## Provided material:
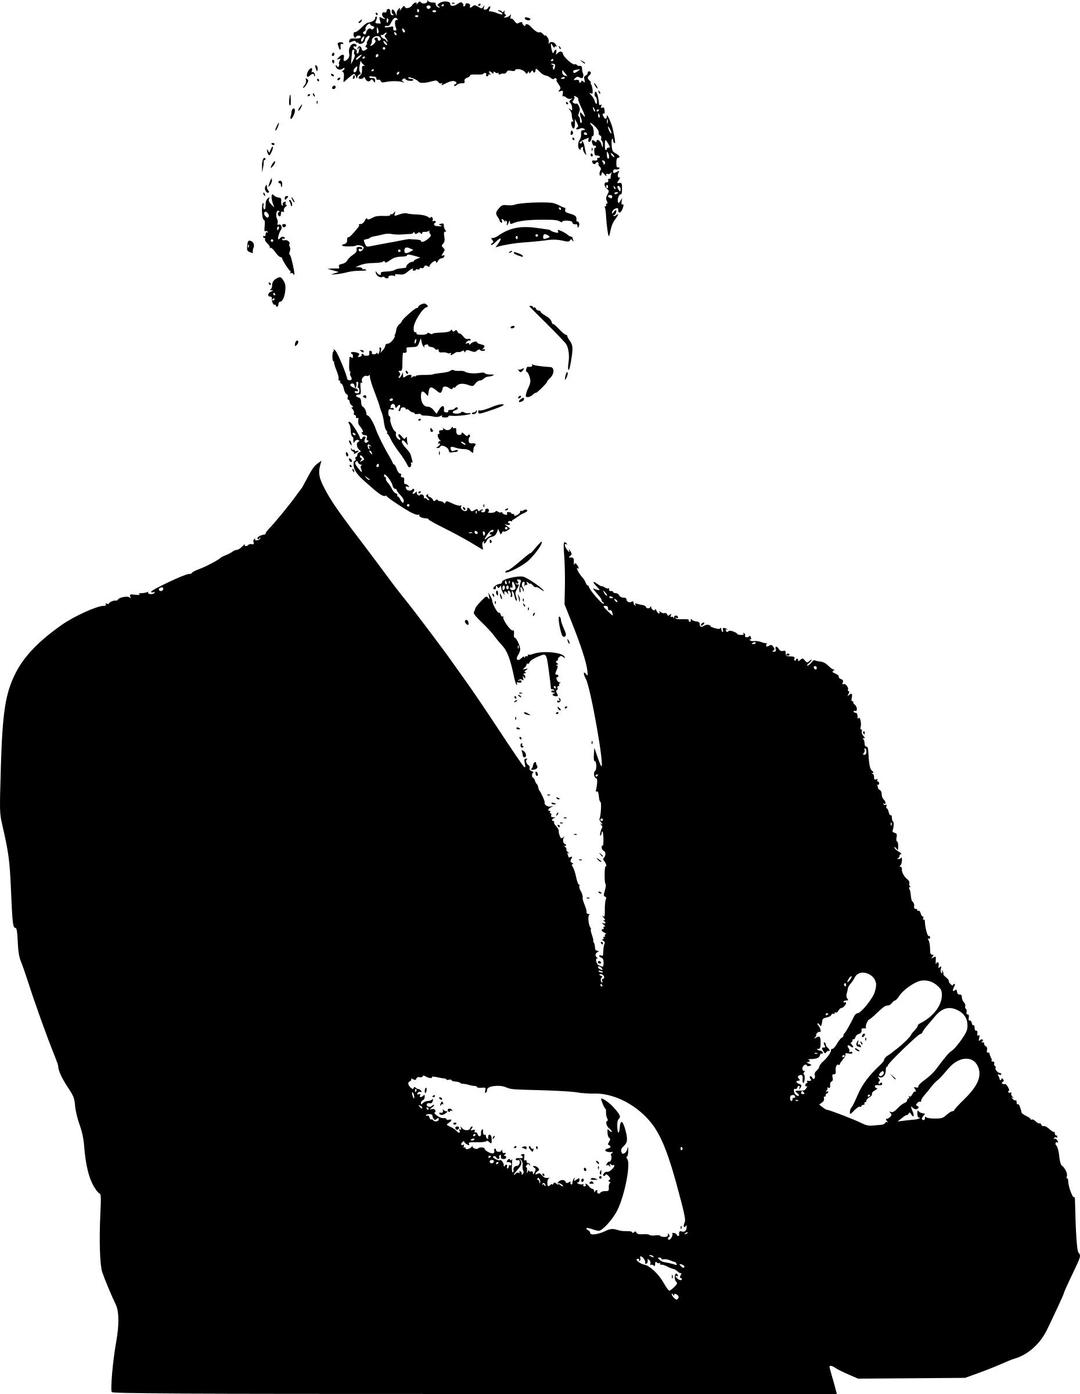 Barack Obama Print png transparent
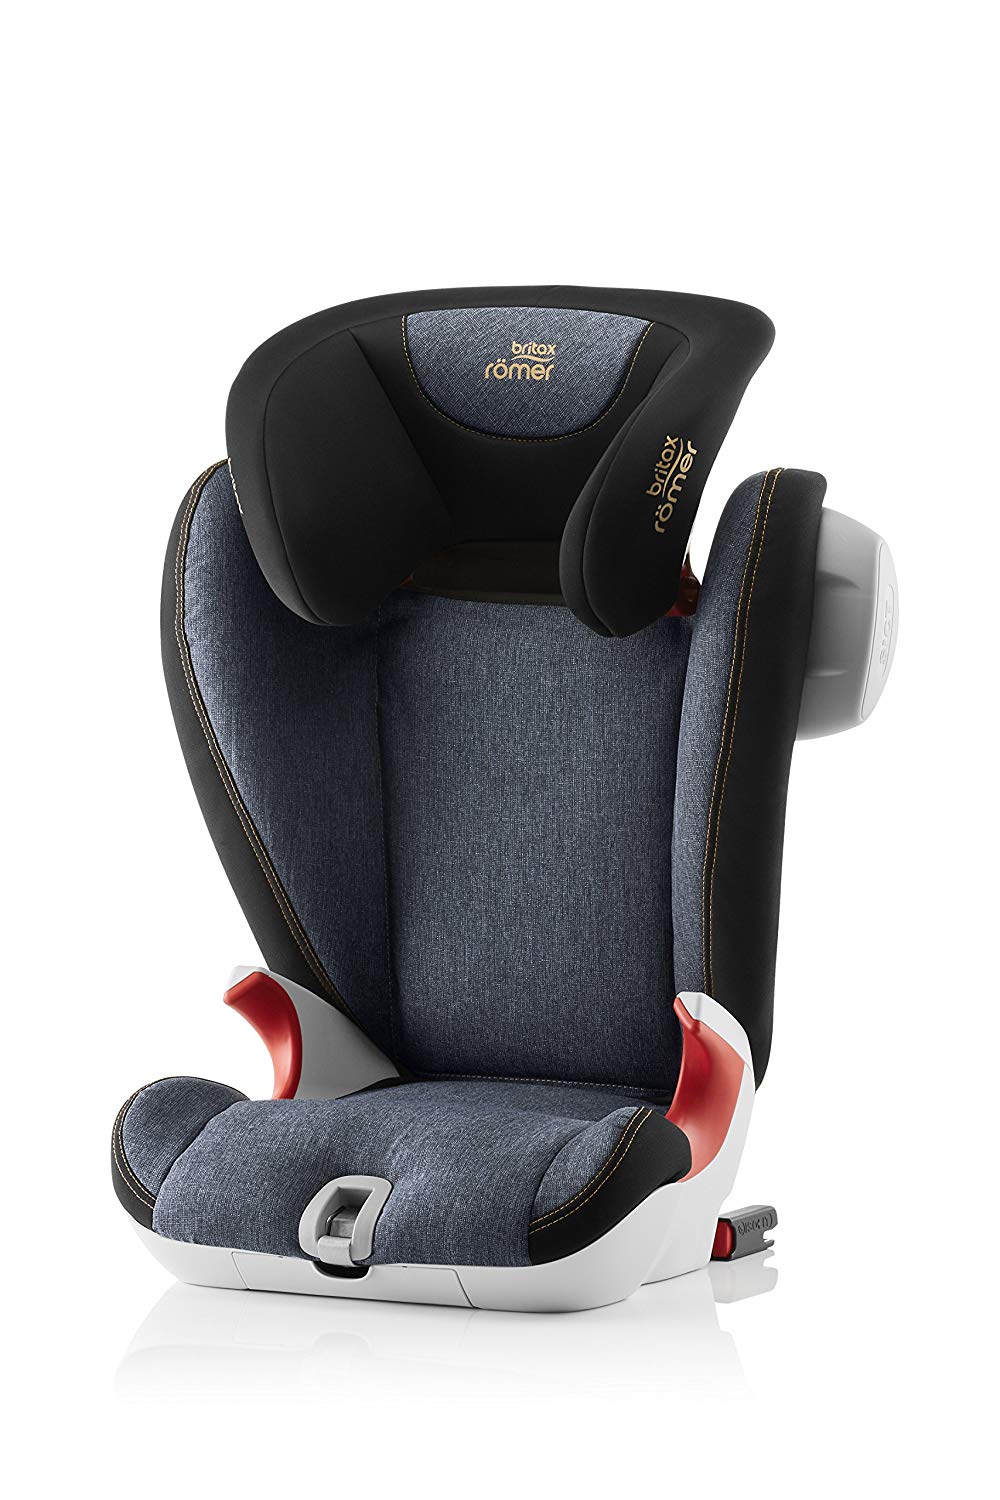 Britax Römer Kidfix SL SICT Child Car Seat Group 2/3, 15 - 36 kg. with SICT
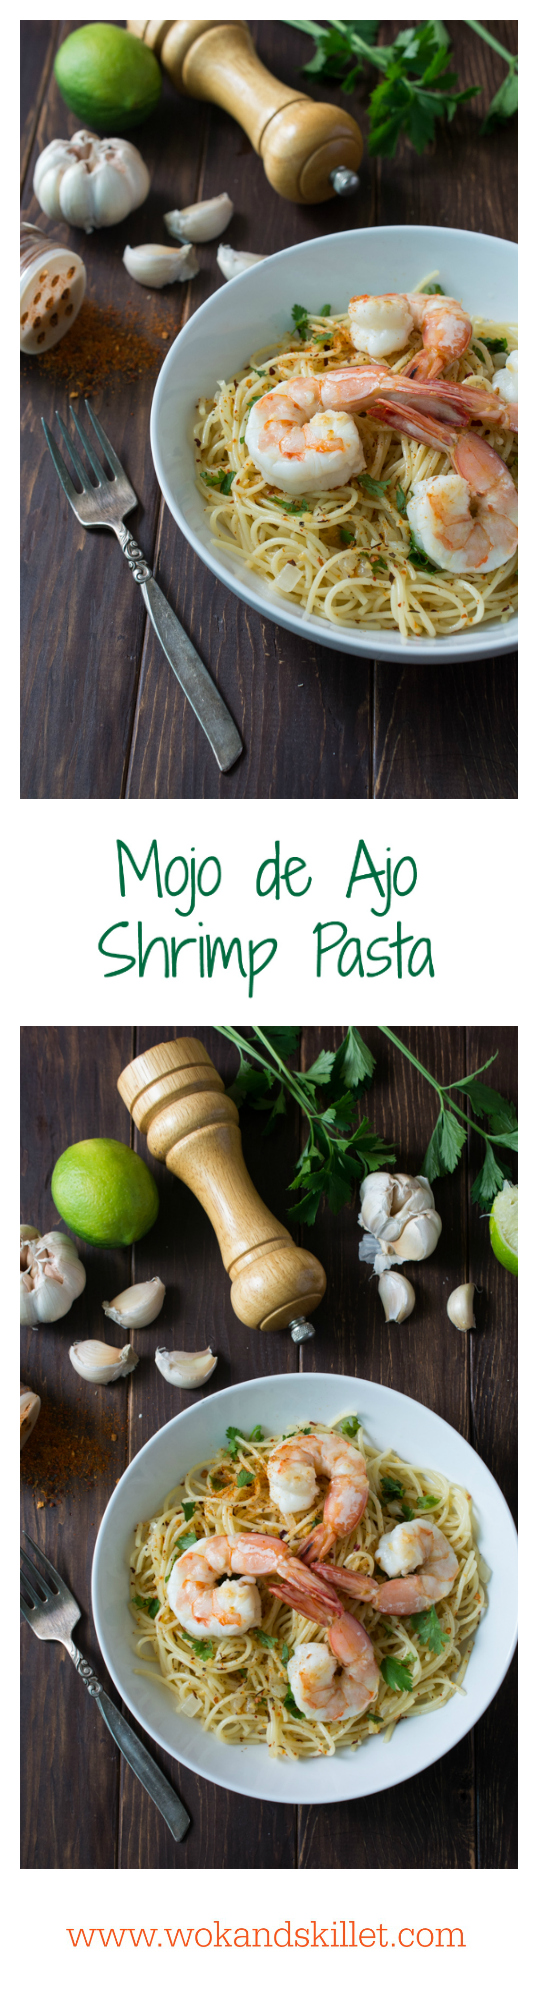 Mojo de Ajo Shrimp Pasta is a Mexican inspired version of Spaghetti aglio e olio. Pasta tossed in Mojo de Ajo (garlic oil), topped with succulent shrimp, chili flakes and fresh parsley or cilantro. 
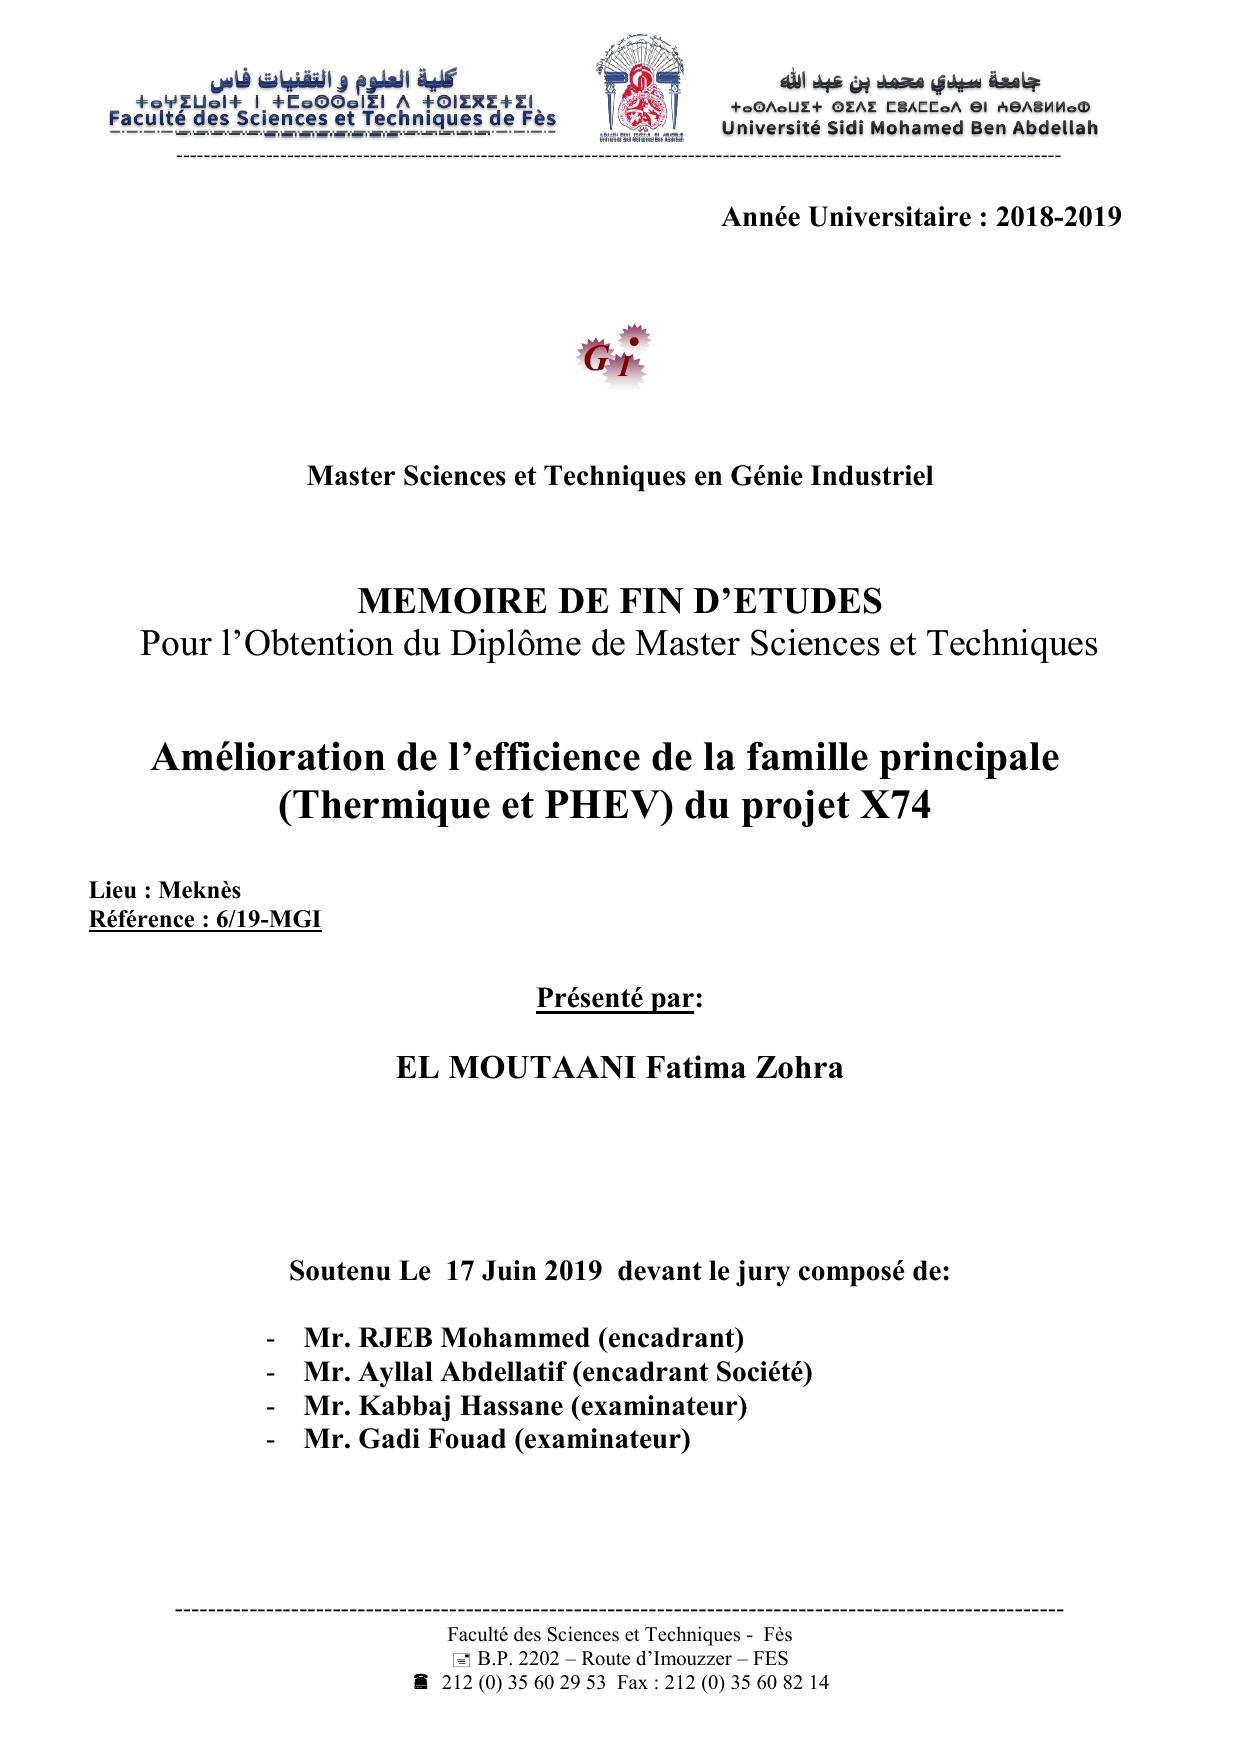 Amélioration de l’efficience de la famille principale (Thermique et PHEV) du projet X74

## Instructions for the task:
No pictures belong in the answer; copy all other parts of the listing exactly.

## Task answer:
 Barack Obama Print png transparent
 Britax Römer Kidfix SL SICT Child Car Seat Group 2/3, 15 - 36 kg. with SICT
 Mojo de Ajo Shrimp Pasta is a Mexican inspired version of Spaghetti aglio e olio. Pasta tossed in Mojo de Ajo (garlic oil), topped with succulent shrimp, chili flakes and fresh parsley or cilantro. 
 Amélioration de l’efficience de la famille principale (Thermique et PHEV) du projet X74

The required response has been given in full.